Há cinco anos, após apresentar a sua candidatura presidencial, o antigo presidente do PSD enunciou a sua leitura dos poderes constitucionais do chefe de Estado em matéria de dissolução do Parlamento e de formação de governos num discurso na Voz do Operário, em Lisboa, em 24 de Outubro de 2015. Nessa intervenção, Marcelo Rebelo de Sousa prometeu que, se fosse eleito, tudo faria para “não onerar” o seu sucessor com “problemas evitáveis relativamente aos poderes do Estado” e considerou negativo para Portugal viver “seis, sete, oito meses sem Orçamento do Estado”.

Na altura, Marcelo Rebelo de Sousa sustentou que “não há dissoluções do Parlamento anunciadas — isto é, a apreciação a ser feita deve decorrer no momento em que se coloque a necessidade ou não desse exercício, e não meses ou anos antes”. “O Presidente da República deve fazer tudo o que está ao seu alcance para obter governos viáveis e duradouros, envolvendo os orçamentos do Estado”, defendeu, nesse mesmo discurso.

Assumindo-se como um moderado e um defensor da estabilidade, nos seus primeiros três anos e meio de mandato presidencial Marcelo Rebelo de Sousa conviveu com um Governo minoritário do PS chefiado por António Costa, suportado por acordos inéditos à esquerda no Parlamento, e viu a legislatura chegar ao fim.

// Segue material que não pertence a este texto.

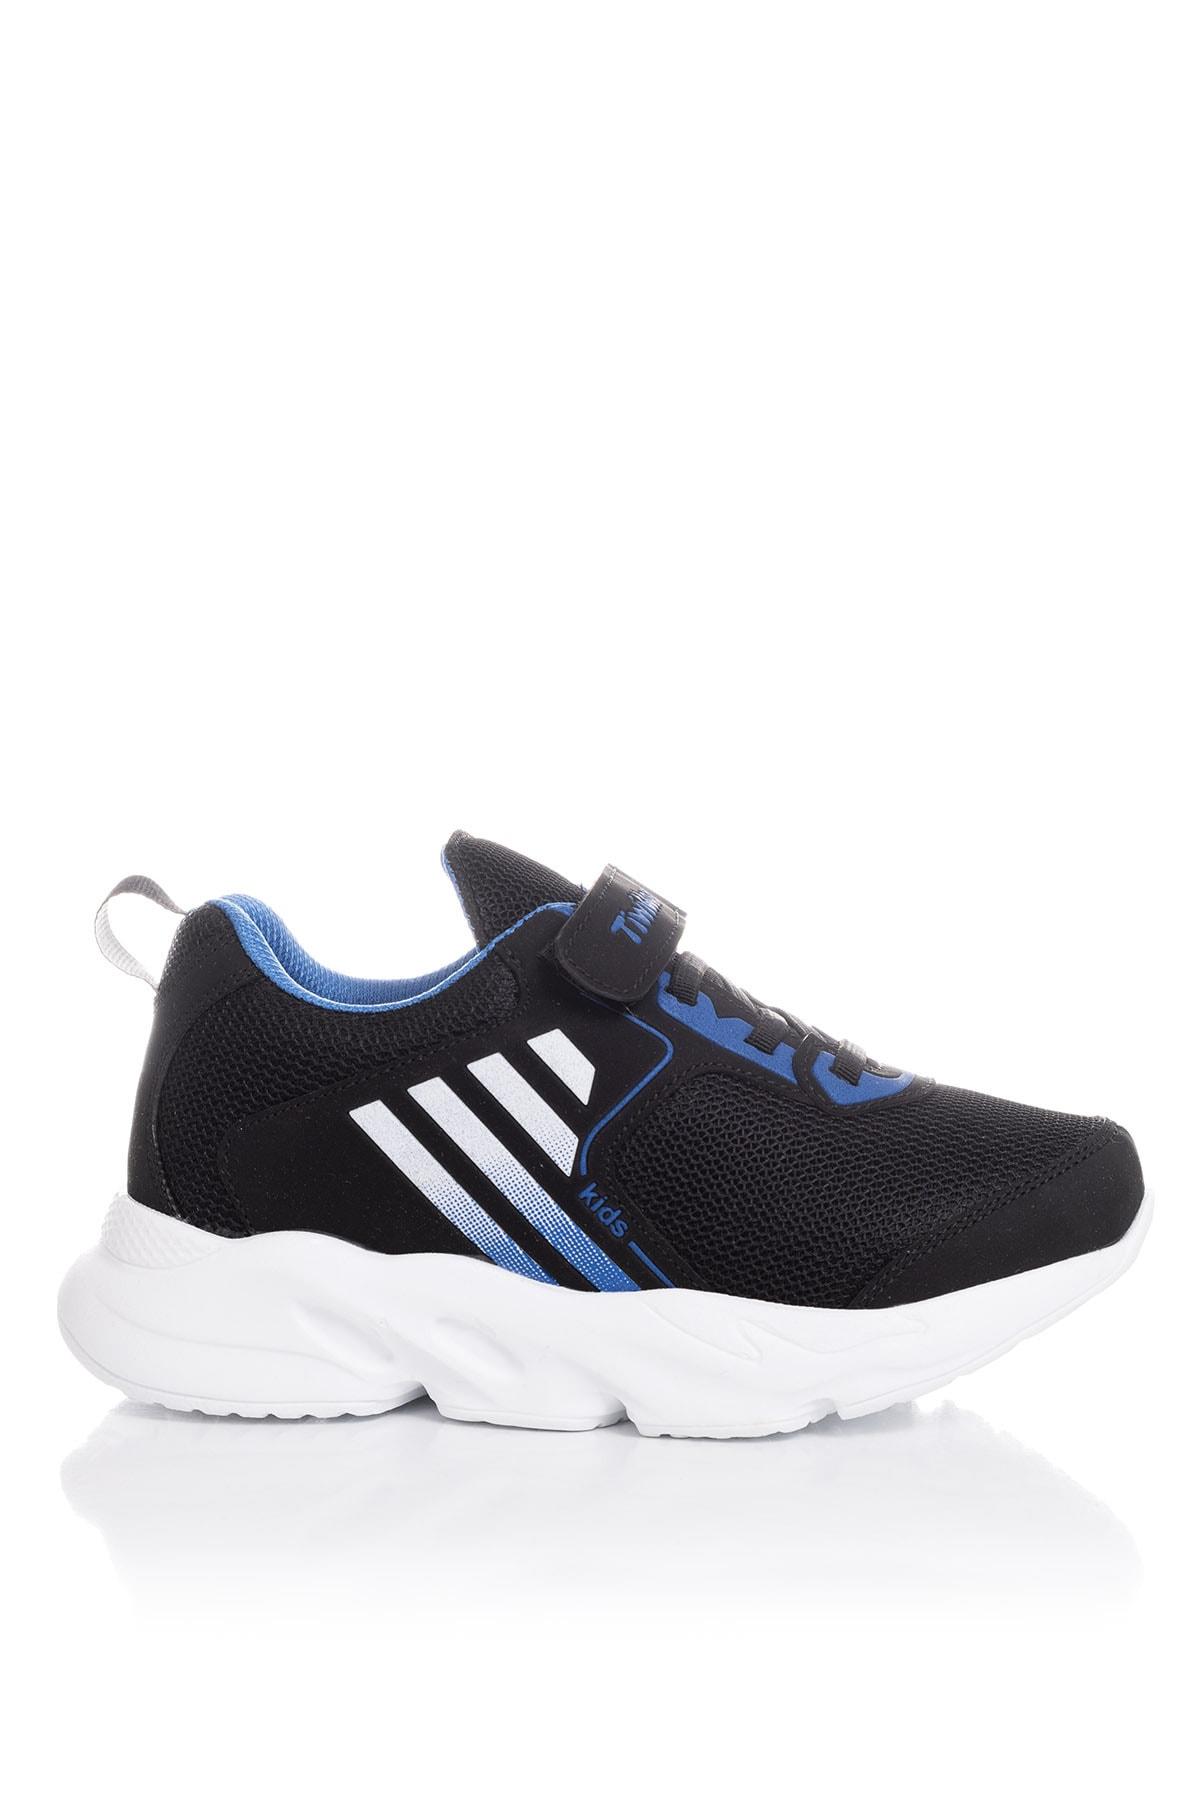 Tonny Black Siyah Sax Unisex Çocuk Sneaker TBZ05-3 2

Nesta nova legislatura, o PS conseguiu votação reforçada nas legislativas de 6 de Outubro de 2019, mas novamente sem maioria absoluta, e desta vez formou um executivo não suportado por quaisquer acordos escritos, uma condição que o próprio Presidente da República considerou desnecessária.

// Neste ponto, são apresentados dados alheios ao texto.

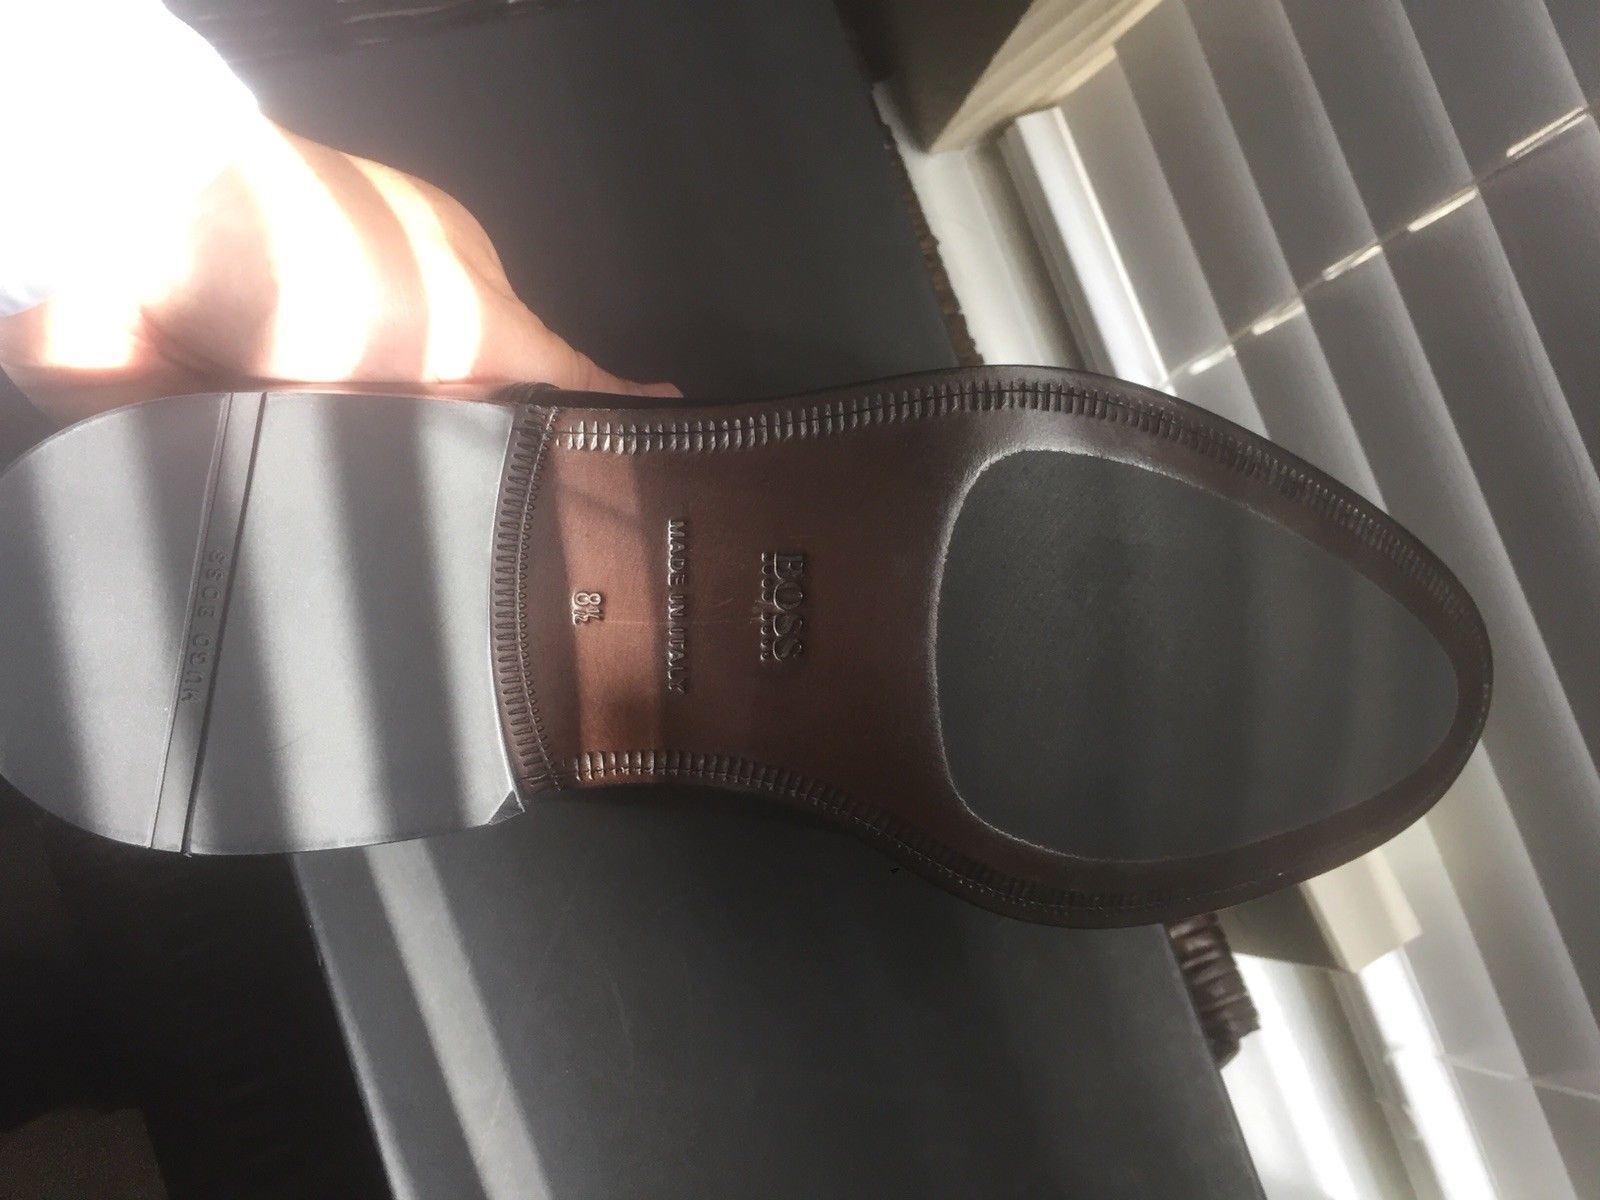 Hugo boss Uomo shoes shoes shoes size 10 f85dbd

Ao fim de um ano na chefia do Estado, em entrevista ao Diário de Notícias, o Presidente manifestou a vontade de nunca usar a chamada “bomba atómica”, distinguindo-se assim dos seus antecessores eleitos em democracia, mas enunciou as condições em que admitia um cenário de dissolução do Parlamento e convocação de eleições legislativas antecipadas

“O primeiro requisito é que haja uma crise institucional particularmente grave. O segundo é que não seja possível encontrar um Governo no quadro da mesma composição parlamentar. E o terceiro é que seja plausível, com os dados disponíveis naquele momento, que o resultado da eleição conduza ao desbloqueamento da situação que gerou a dissolução”, disse.

Em Março de 2019, aditou outro factor que o poderia ter levado a exercer o poder de dissolução: a repetição de incêndios como os de 2017, que provocaram mais de cem mortes em Portugal.

“Se no ano seguinte houvesse uma situação idêntica, haveria dissolução do Parlamento”, afirmou Marcelo Rebelo de Sousa, em entrevista à TVI.